The strategy worked and when I had to leave the skate lane and merge into the tracks, I was in 2nd place with lots of room to merge into the tracks.  The leader, who ended up winning the race 12 minutes ahead of the next skier, was already several seconds ahead.  There was no way I was going to set the pace for the rest of the pack so I dropped back a few places and let the younger guys set the pace.  The field stretched out rather quickly and the lead group was down to 6 or 7 skiers within a few Ks.  The pace didn’t feel particularly fast, but the occasional peek at the heart rate monitor told a different story, hitting the redline on every hill.  Oh well, I felt good, skis were phenomenal, both kick and glide (no idea what Boulder Mountain Nordic put on but combined with the underlying structure, it worked!) so I decided to focus on rhythm and stayed with the group.  After 15k, the front 3 had a gap and I was skiing with two other guys at the tail end, nothing unusual about that, except that this year, I had such incredible glide that I by default ended up pulling our 3-man group and after 25k, we had caught the front 3 so that by Double OO, other than the lone skier way ahead, I was right there with the lead group, something I have never done before this far into the race. 
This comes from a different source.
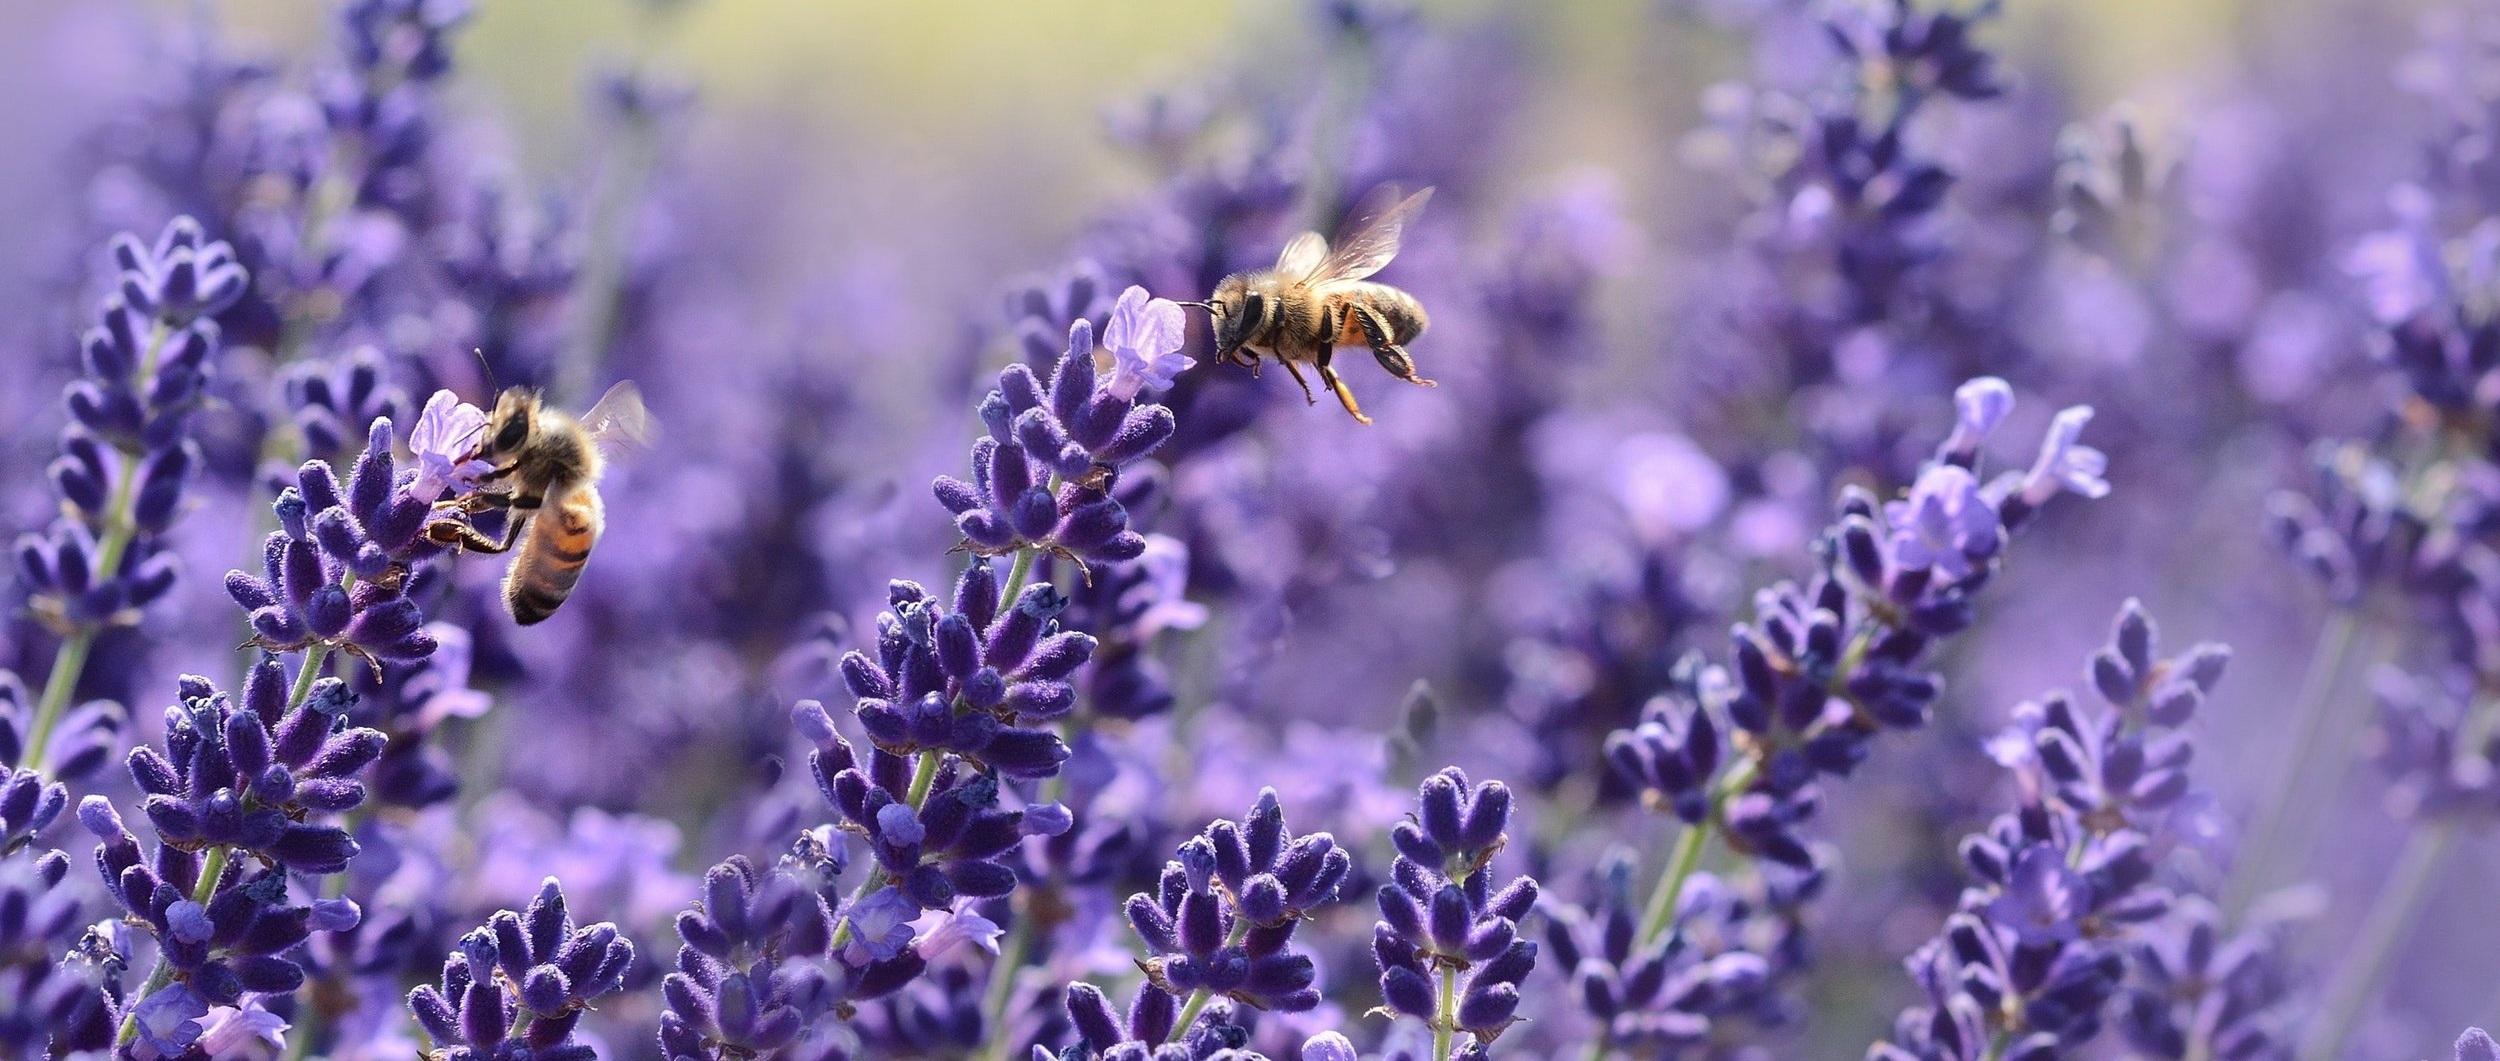 Benefits of Lavender -

The group again separated, a couple of skiers came from behind, so by Mosquito Brook (42k), there were two of us skiing together in 8th and 9th place with a significant gap to the next skiers ahead of us.  One of the things, among many, that I have learned about the Birkie is that you have got to have energy for the hills on the last stretch of the race.  There are three significant long climbs after Mosquito Brook, Bitch Hill being one of them, that can really make or break (which often happens) a skier’s Birkie performance.  I was able to drop the one skier up the first hill and focus now shifted to what it always does at this stage, pure survival.  To make things more interesting, the organizers this year added another climb, so just when I thought I was done with the three major climbs, the course takes an unexpected turn and there is this one long climb ahead of me.  As Per said, the worst thing about the extra hill is that you can see all the way to the top, and it was a long grueling climb and the reason the course was 56k this year. 
The Lake didn’t disappoint and again proved to be the steepest uphill lake I have ever double poled.  This year, the warm temps made the top layer into a melt which had nowhere to go but to be plowed into a deeper and deeper wet and messy soup of water and ice by thousands of skiers.  The finish couldn’t come soon enough after the Lake. 

With Augustina waiting for me at the finish line, cheering me on and excited about the race, an 8th place finish overall, winner of my age group (oldest skier ahead of me was 33), this year’s Birkie turned out better than I ever could have hoped for.

Thank you, Augustina, for the photos!.